> **Dataset section**

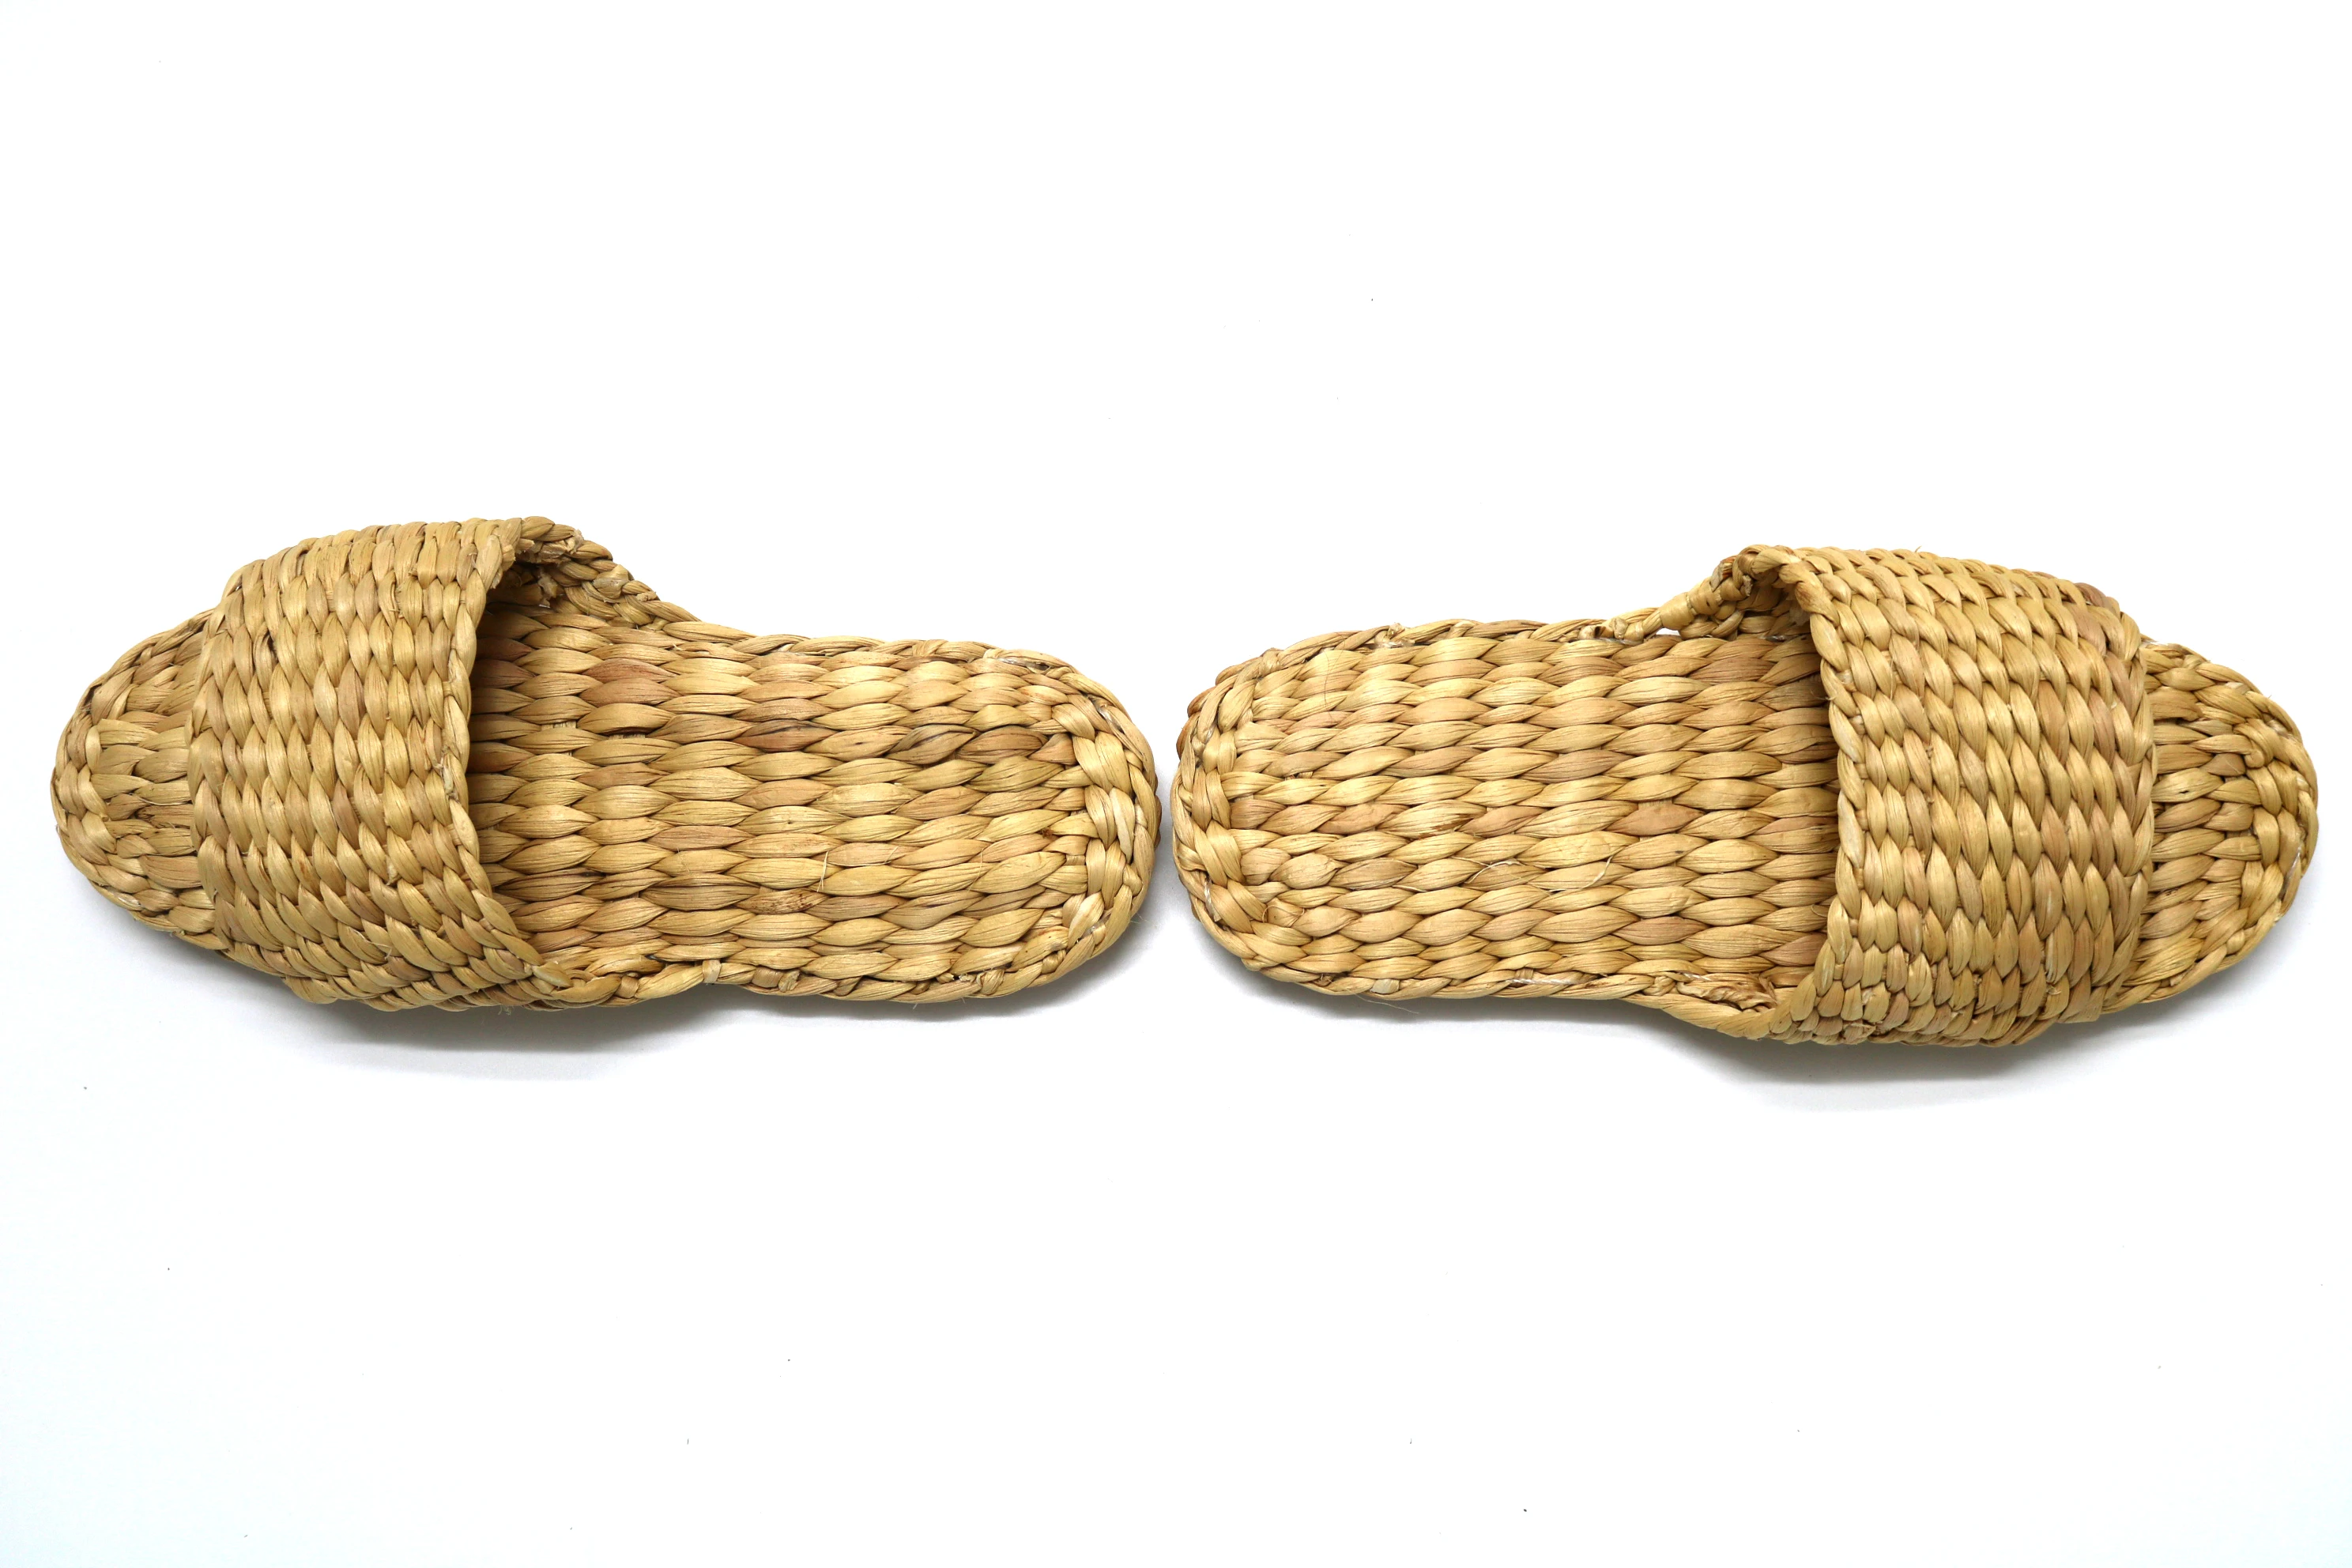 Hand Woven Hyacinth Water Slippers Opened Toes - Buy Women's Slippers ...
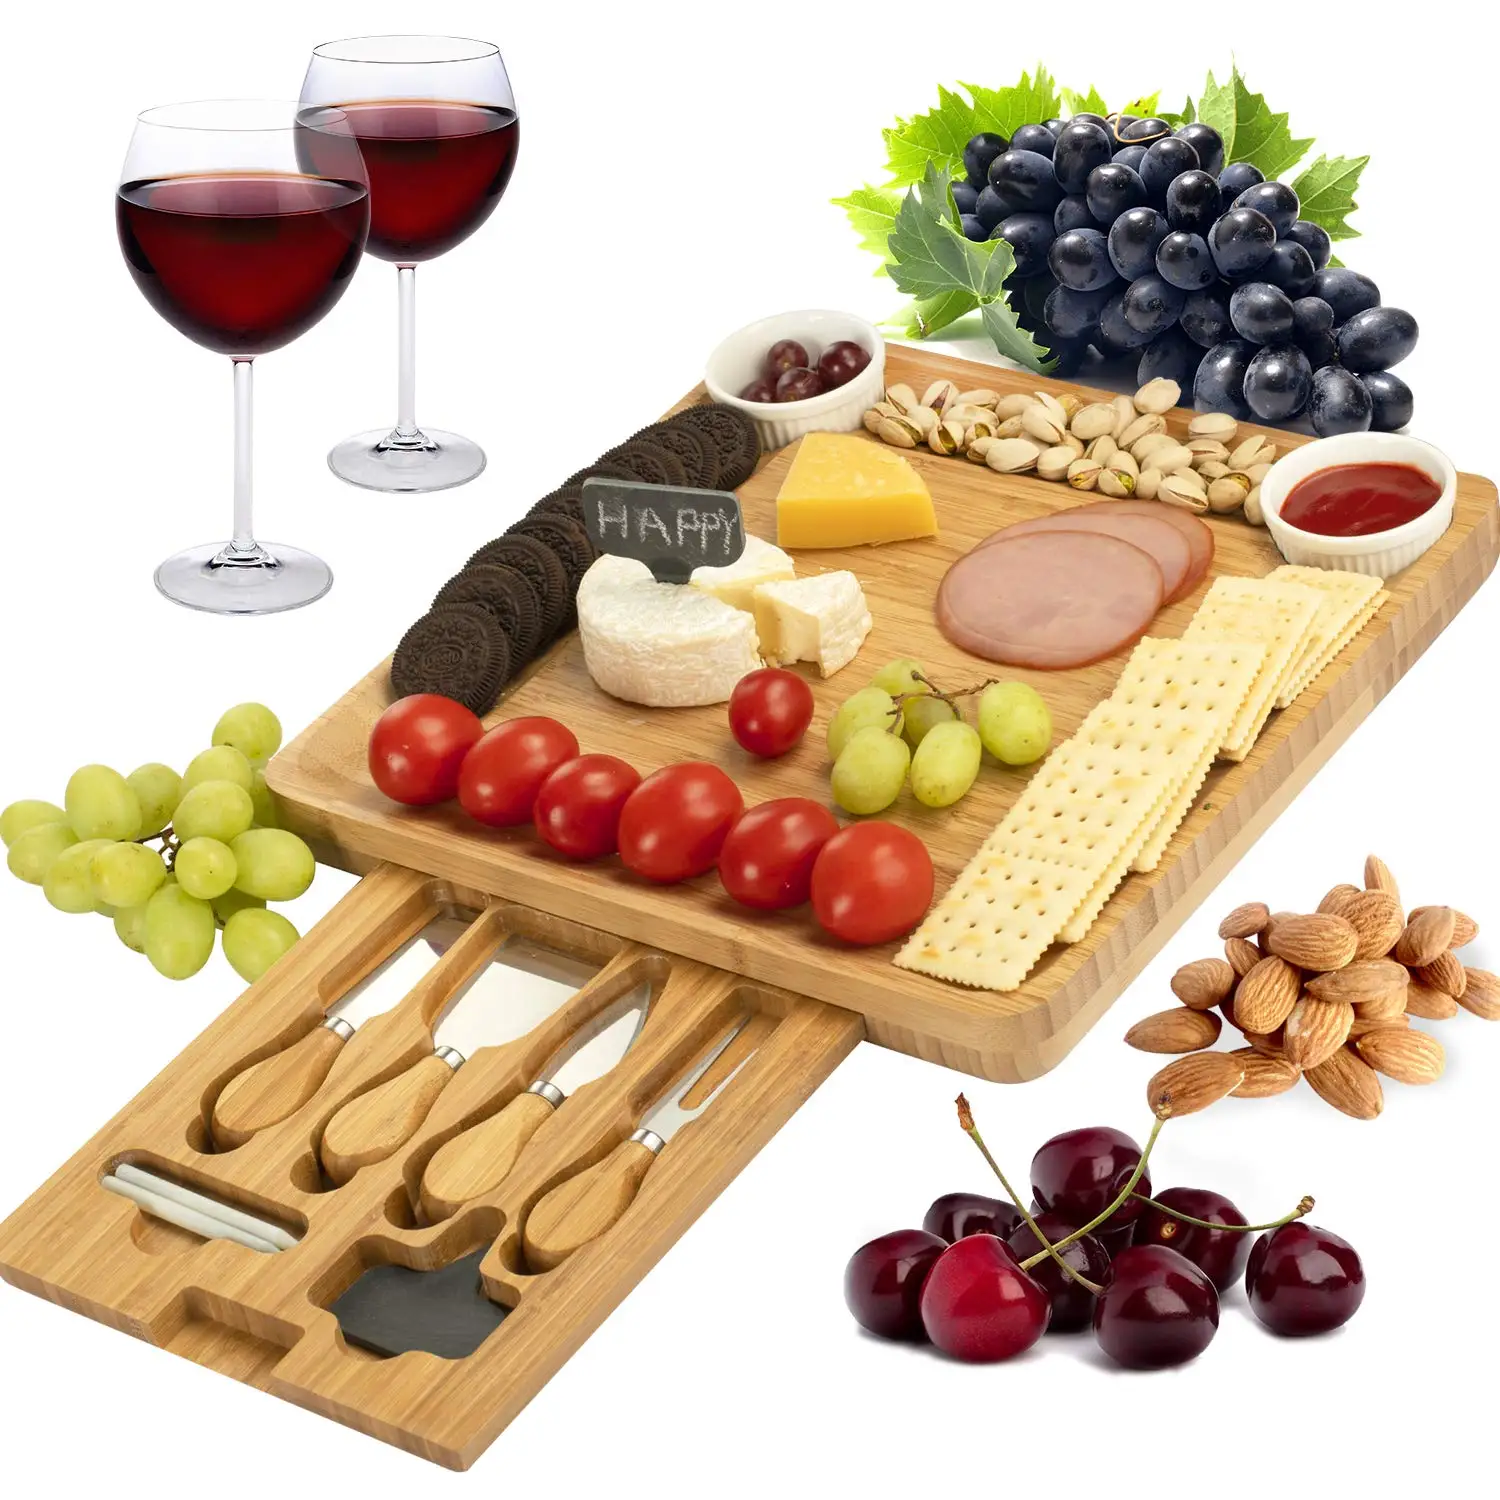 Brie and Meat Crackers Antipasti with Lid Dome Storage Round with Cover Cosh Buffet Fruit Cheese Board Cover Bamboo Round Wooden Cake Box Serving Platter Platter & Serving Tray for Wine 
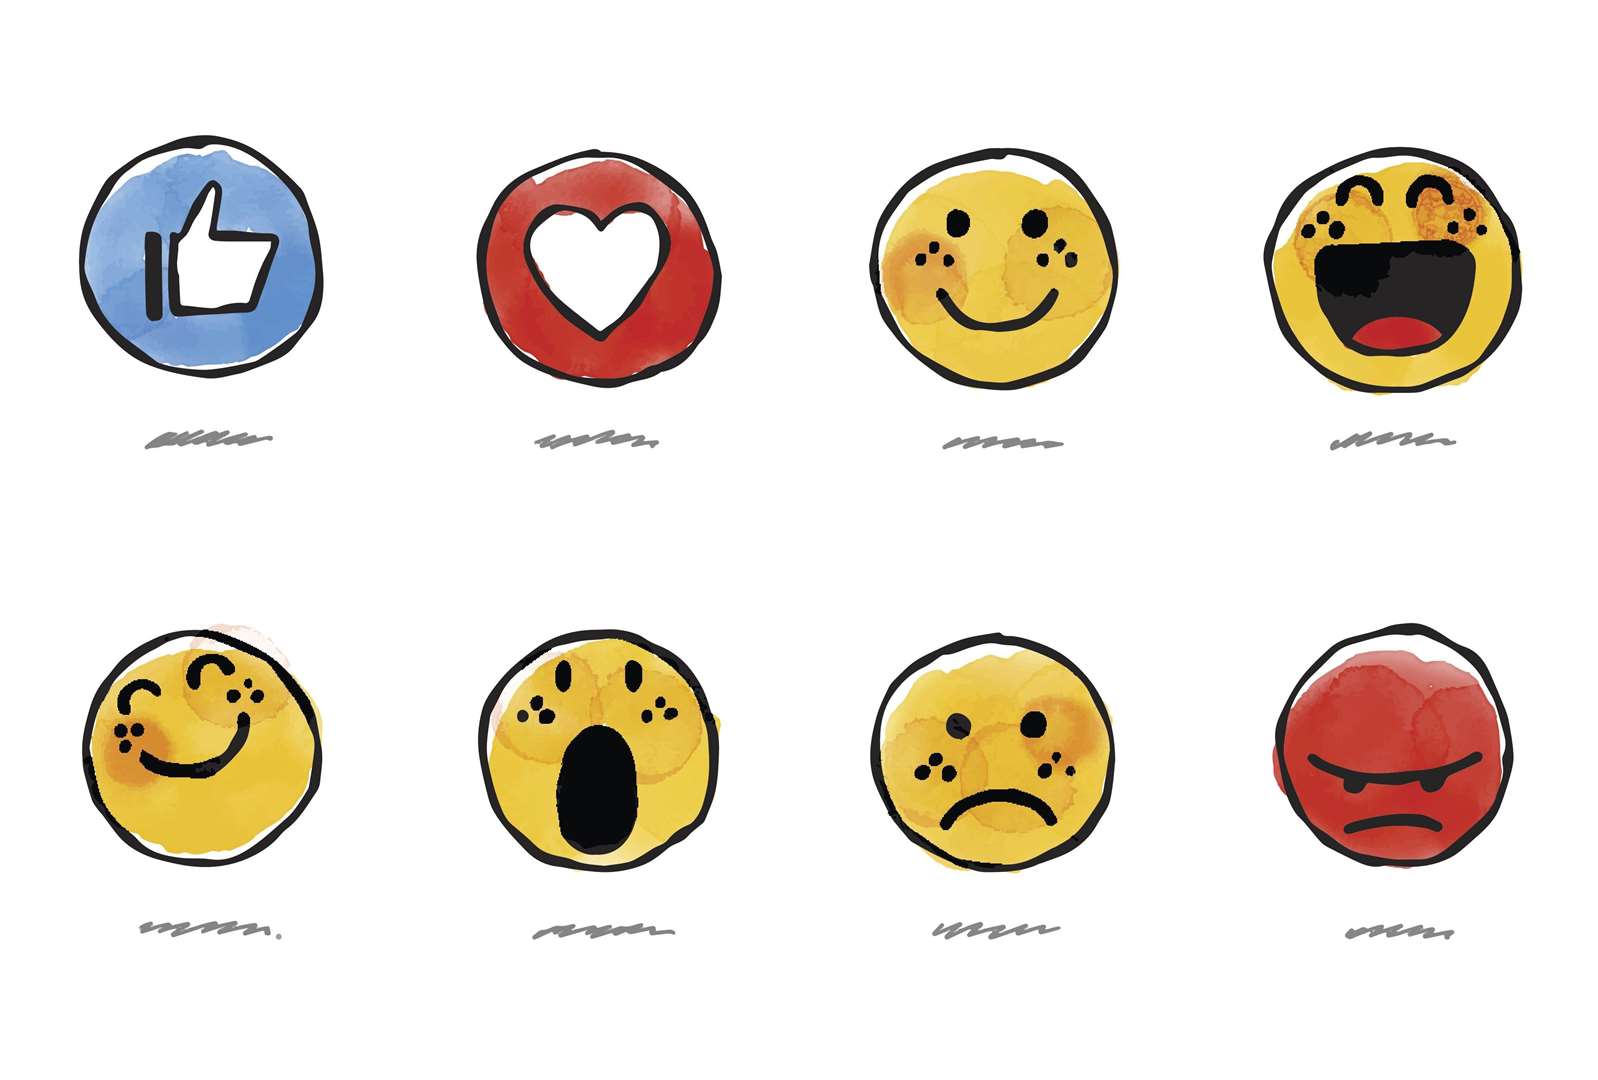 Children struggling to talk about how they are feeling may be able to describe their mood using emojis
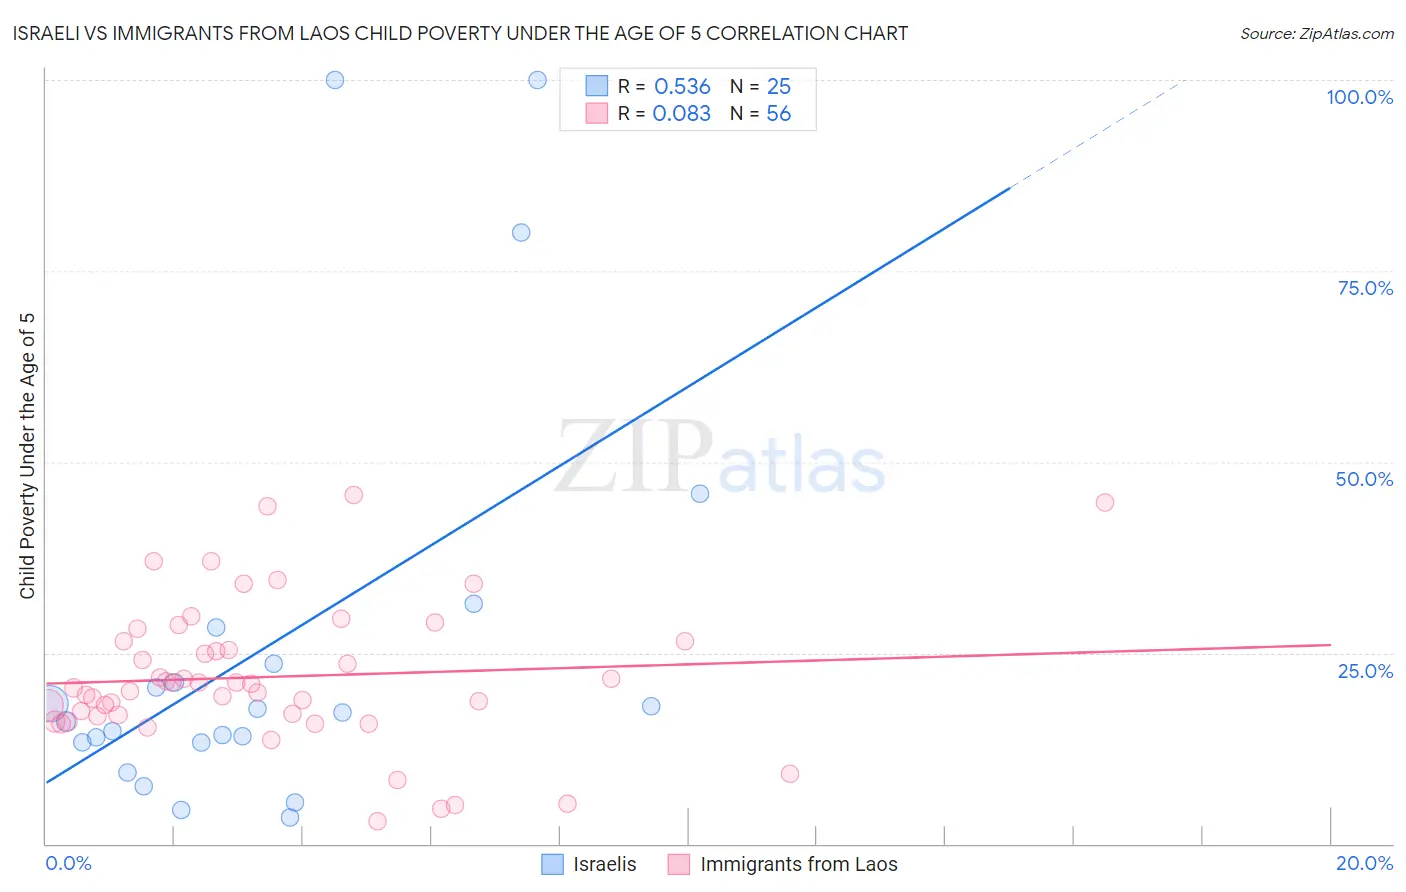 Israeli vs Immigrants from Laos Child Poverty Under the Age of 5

> **What to do**
All lines of the material above should be returned unchanged, but no pictures should be included.

> **Exercise output**
 Hand Woven Hyacinth Water Slippers Opened Toes - Buy Women's Slippers ...
 Brie and Meat Crackers Antipasti with Lid Dome Storage Round with Cover Cosh Buffet Fruit Cheese Board Cover Bamboo Round Wooden Cake Box Serving Platter Platter & Serving Tray for Wine 
 Children struggling to talk about how they are feeling may be able to describe their mood using emojis
 Israeli vs Immigrants from Laos Child Poverty Under the Age of 5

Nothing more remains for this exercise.